Everything in the listing below should be repeated exactly, apart from the pictures.

### Input data
# # #

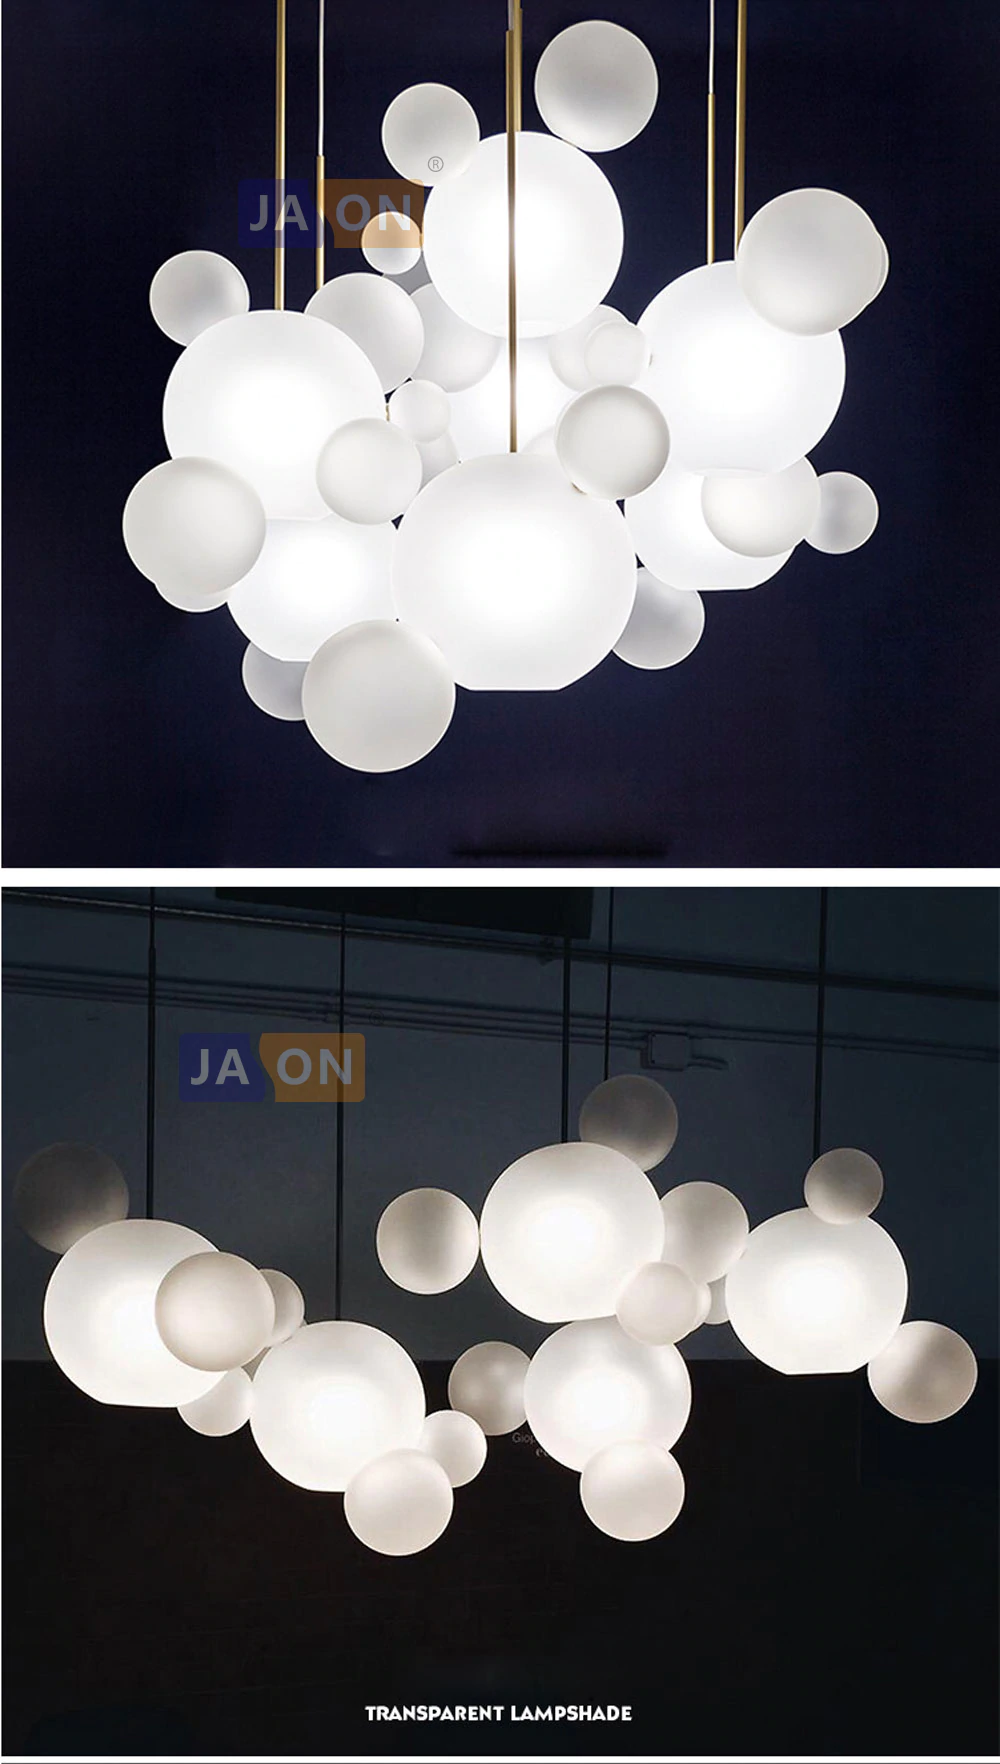 Led Nordic Eisen Glas Weiss Blase Designer Led Lampe Led Licht Anhanger Lichter Anhanger Lampe Anhanger Licht Fur Foyer I Led Lampe Anhanger Lampen Led Licht
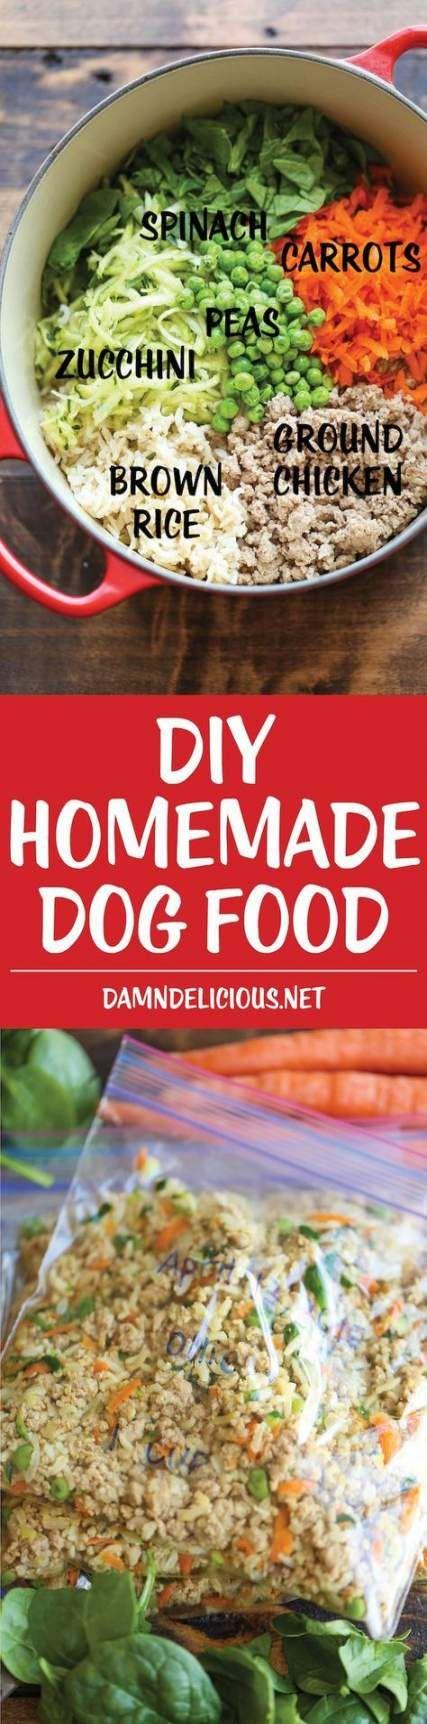 Diy Food Recipes Fitness 54+ Ideas #food #diy #fitness #recipes
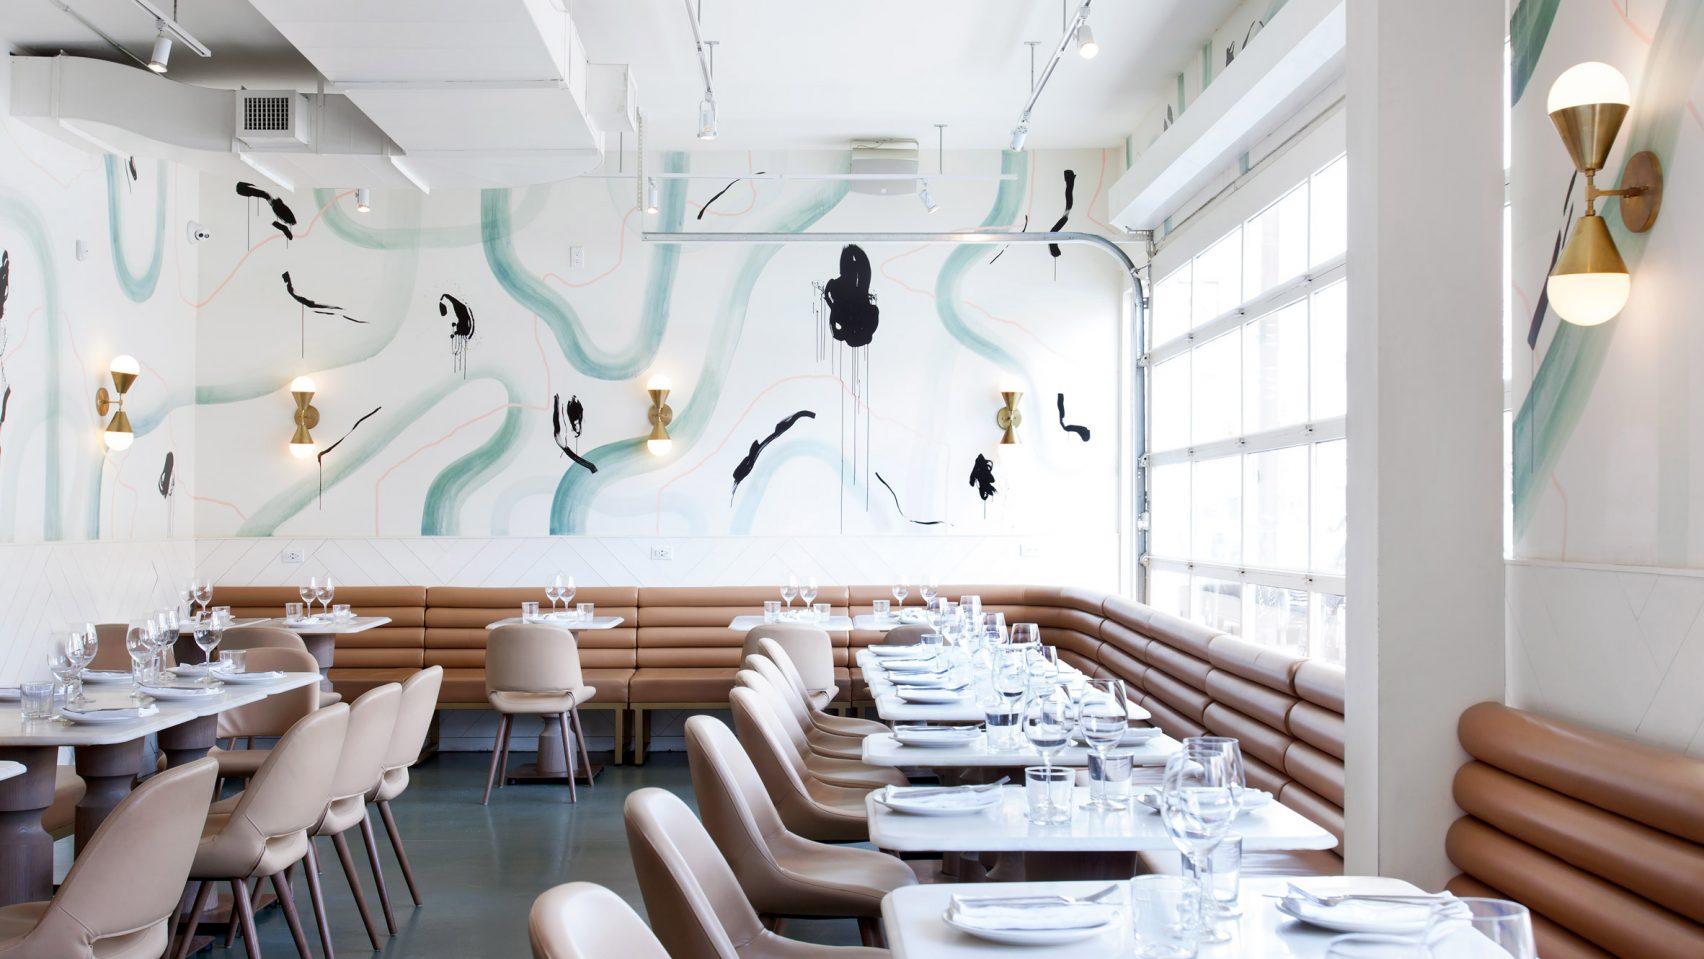 Ресторан La Palma, вдохновлённый Пляжем Венеция

# # #

### Task response
 Led Nordic Eisen Glas Weiss Blase Designer Led Lampe Led Licht Anhanger Lichter Anhanger Lampe Anhanger Licht Fur Foyer I Led Lampe Anhanger Lampen Led Licht
 Diy Food Recipes Fitness 54+ Ideas #food #diy #fitness #recipes
 Ресторан La Palma, вдохновлённый Пляжем Венеция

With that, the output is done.